Task description
Everything in the listing below should be repeated verbatim, apart from the pictures.

Information provided

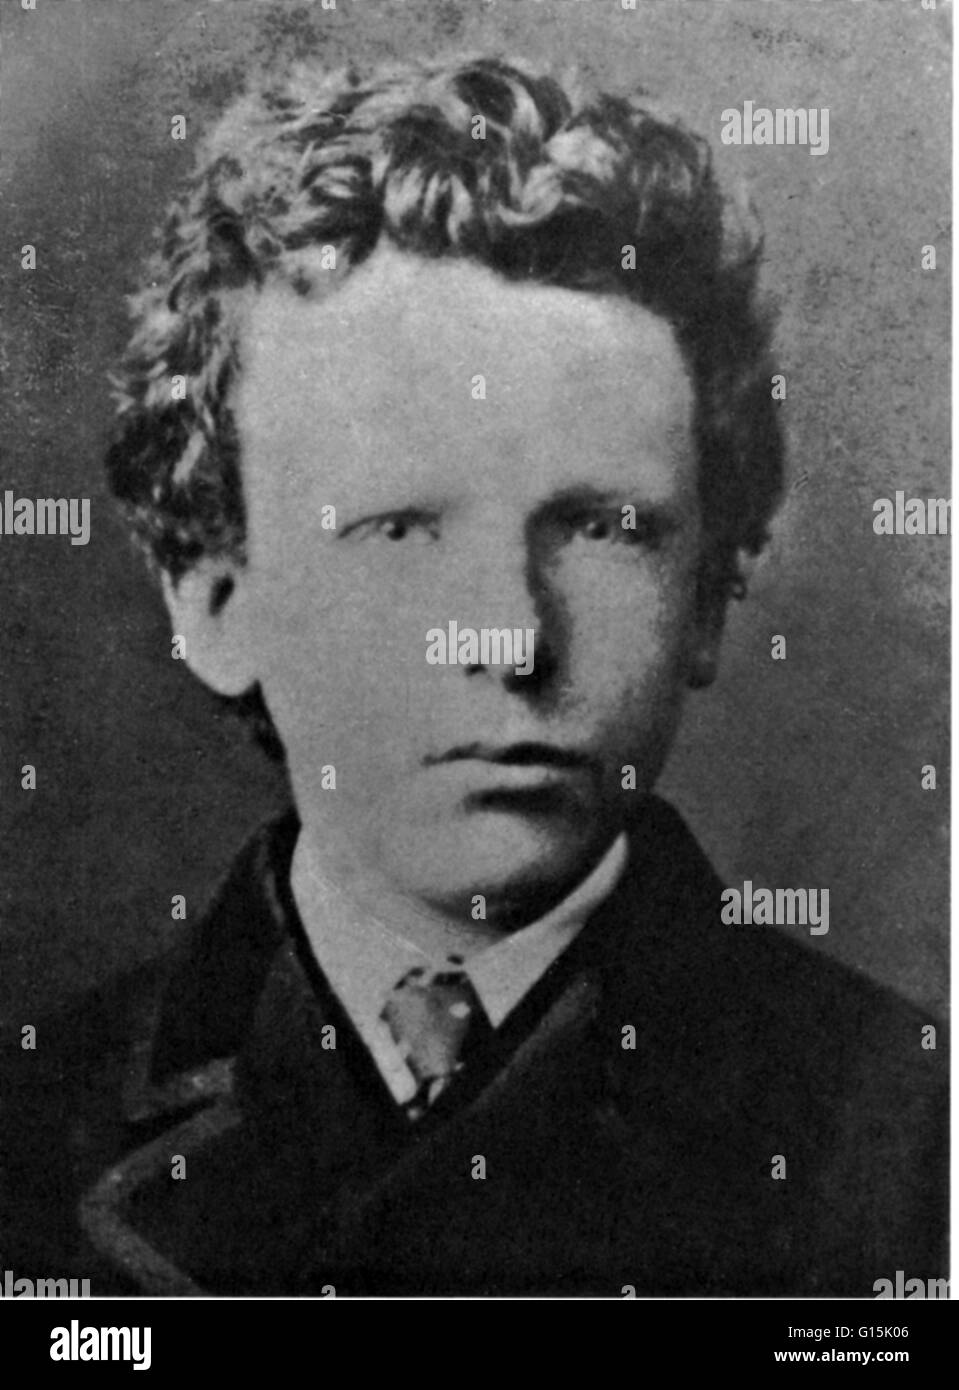 Photo de van Gogh prises lorsqu'il avait 13 ans. Vincent Willem van Gogh (30 mars 1853 - 29 juillet 1890) était un peintre post-impressionniste hollandais dont le travail, remarquable pour sa beauté brute, l'honnêteté, émotionnelle et bold color, avait une influenc Banque D'Images
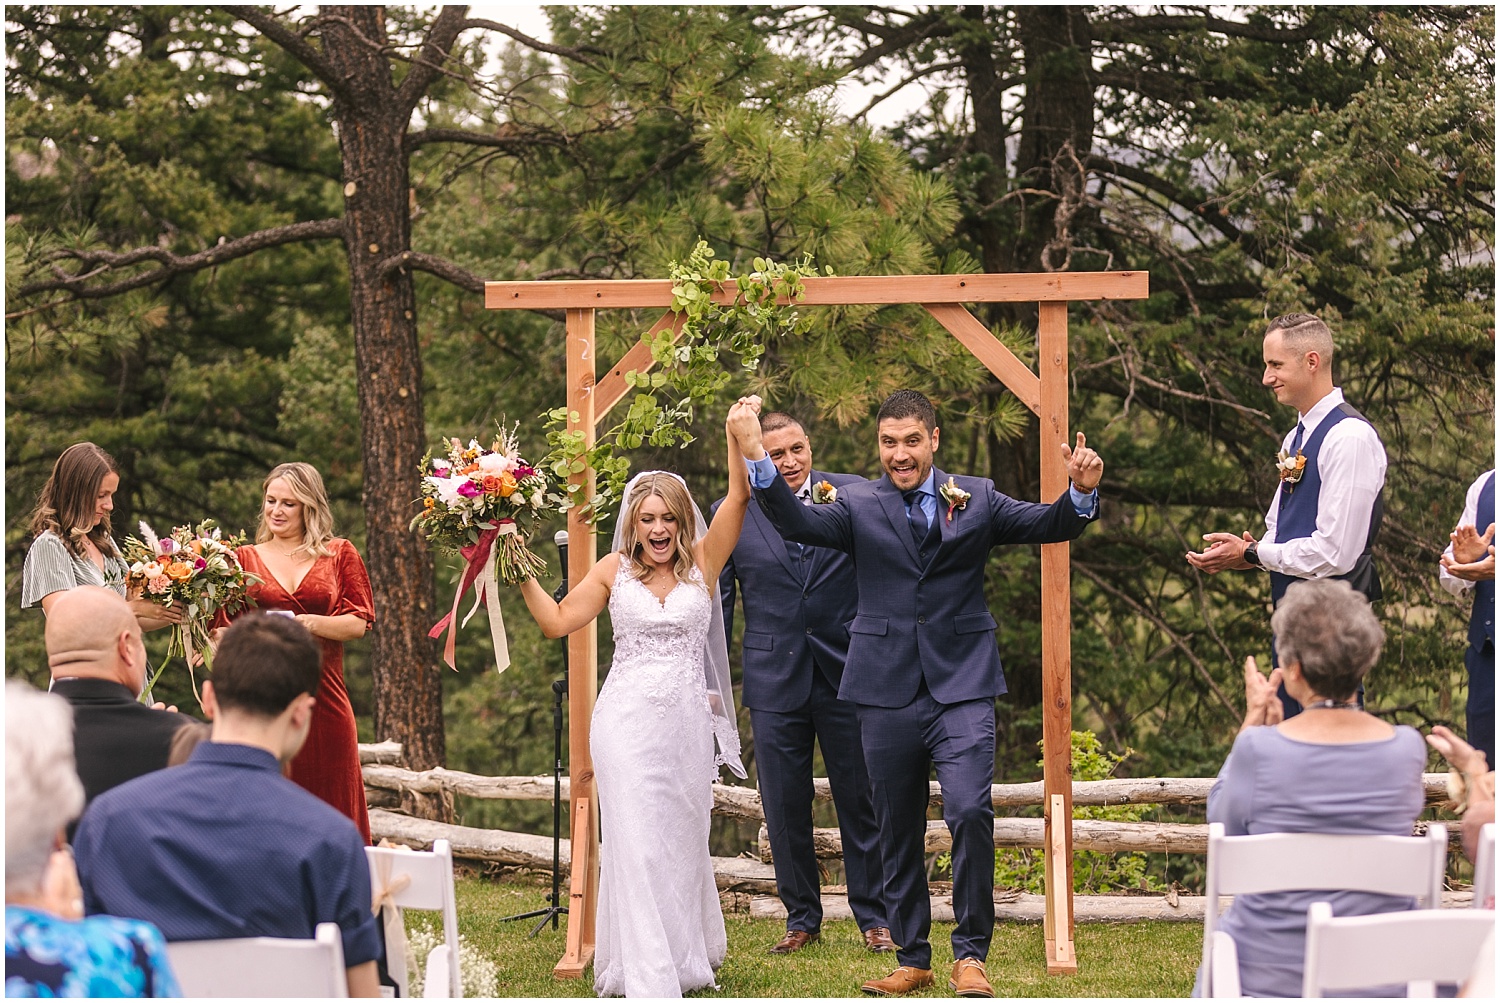 Bride and groom cheering after wedding ceremony in Durango Colorado
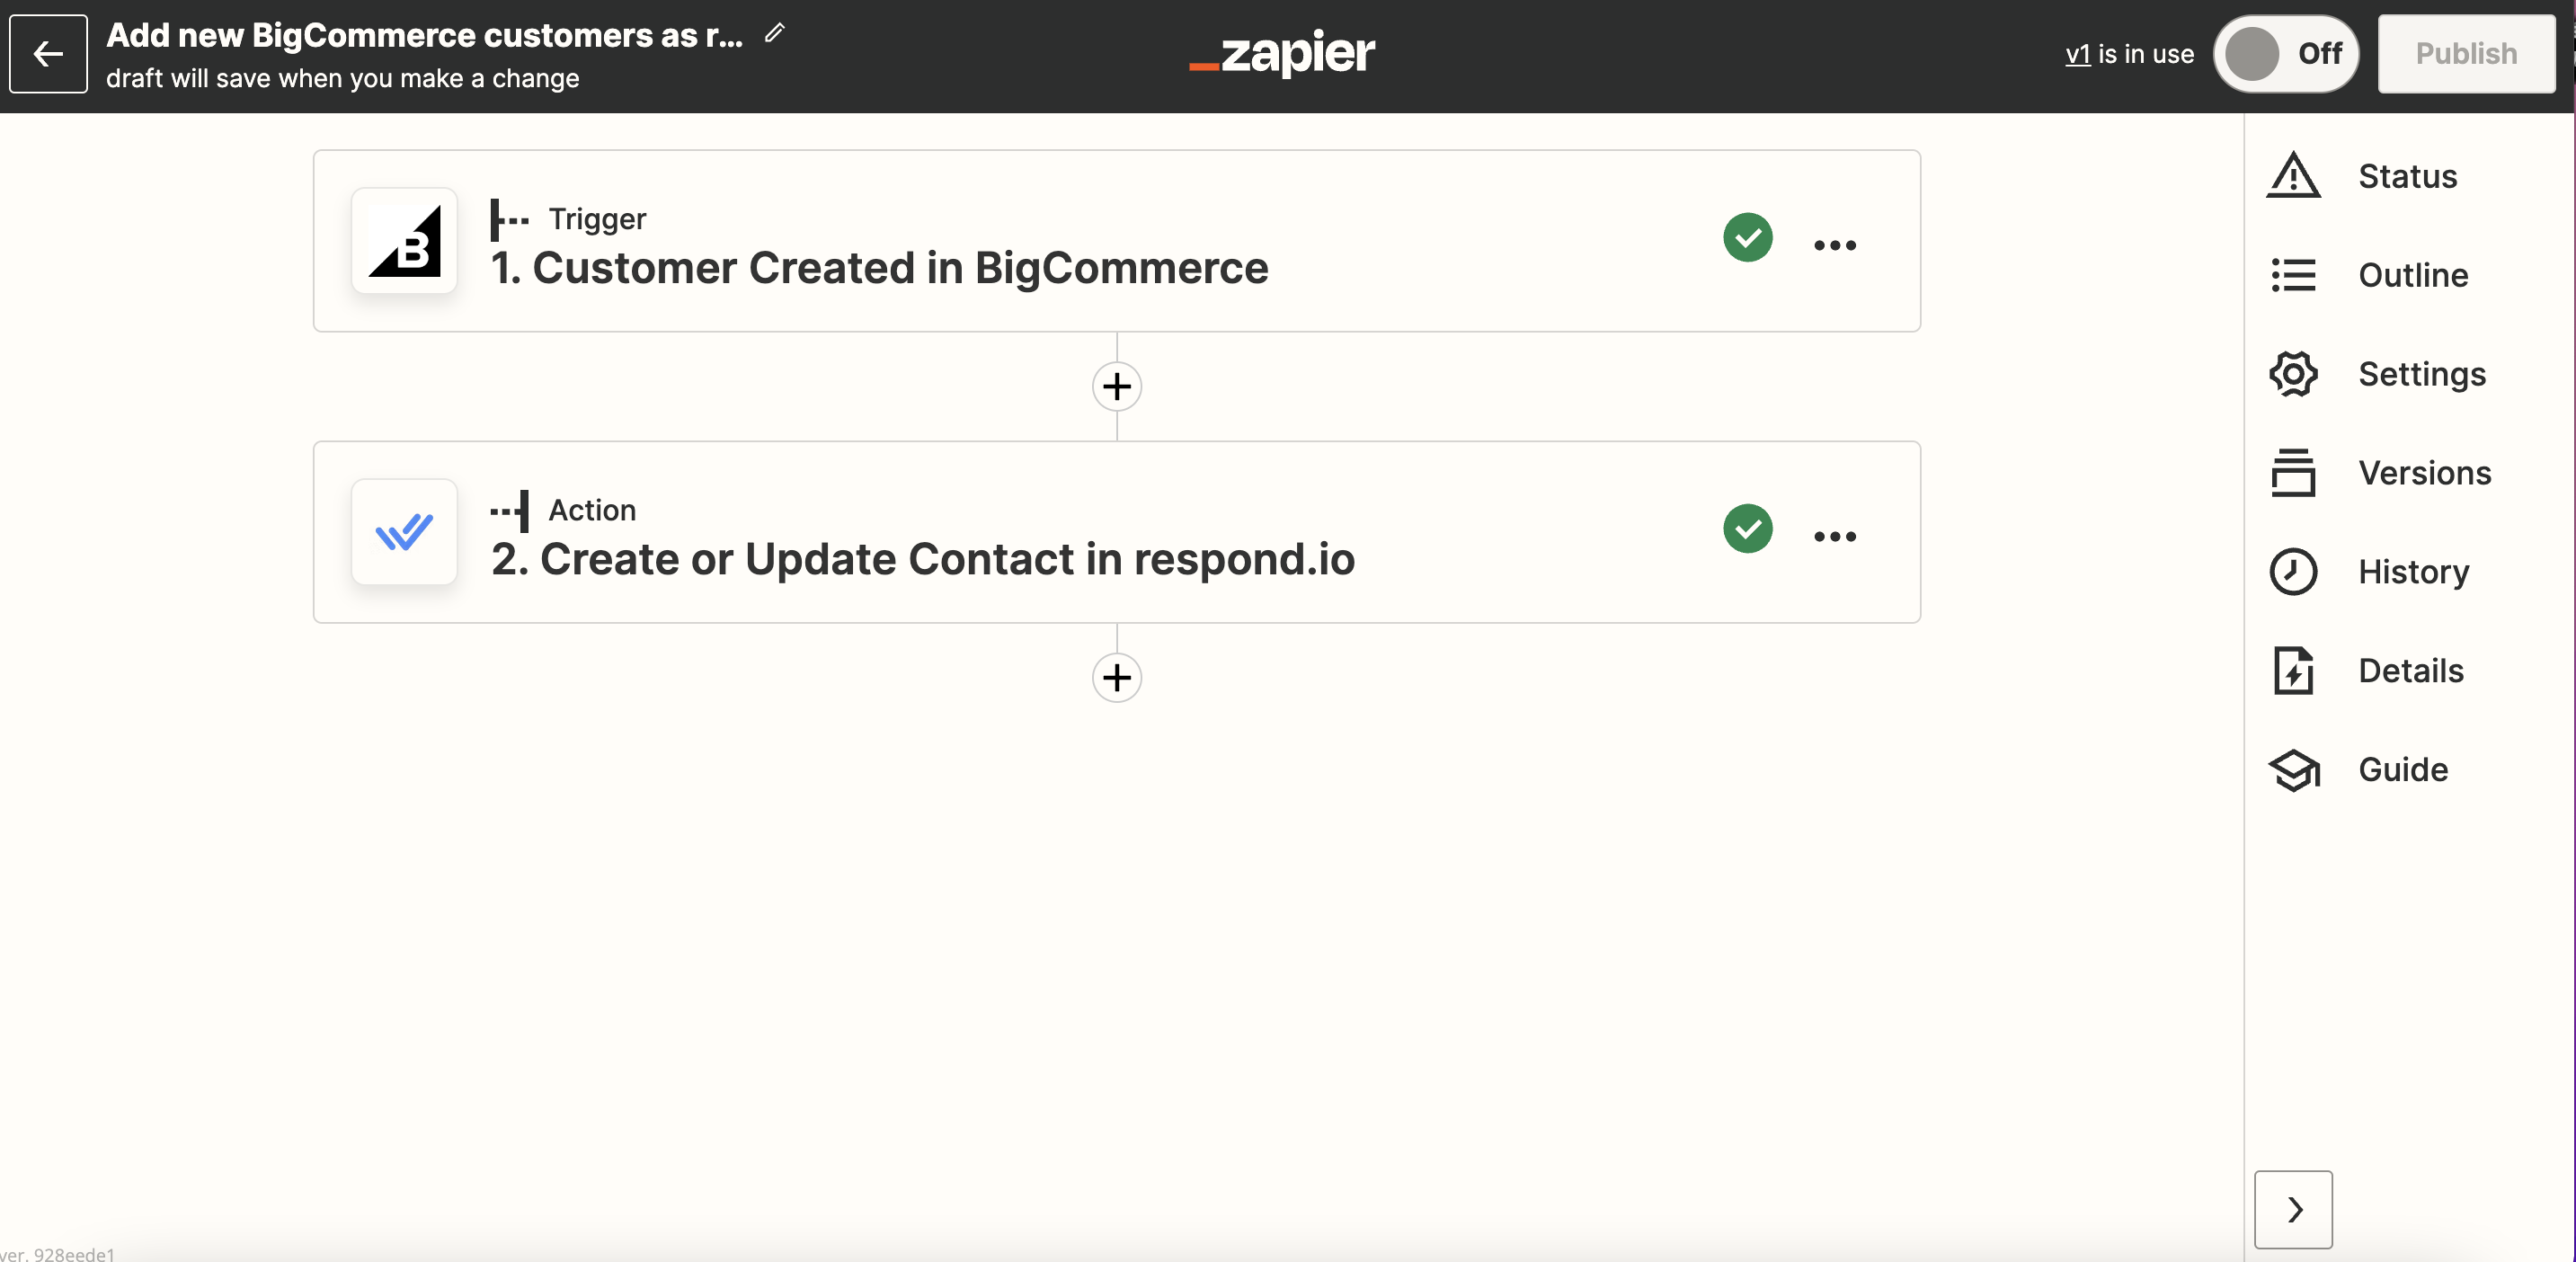 لقطة شاشة لقالب Zapier لإضافة جهات الاتصال كعملاء

Solution for this exercise
 Photo de van Gogh prises lorsqu'il avait 13 ans. Vincent Willem van Gogh (30 mars 1853 - 29 juillet 1890) était un peintre post-impressionniste hollandais dont le travail, remarquable pour sa beauté brute, l'honnêteté, émotionnelle et bold color, avait une influenc Banque D'Images
 Bride and groom cheering after wedding ceremony in Durango Colorado
 لقطة شاشة لقالب Zapier لإضافة جهات الاتصال كعملاء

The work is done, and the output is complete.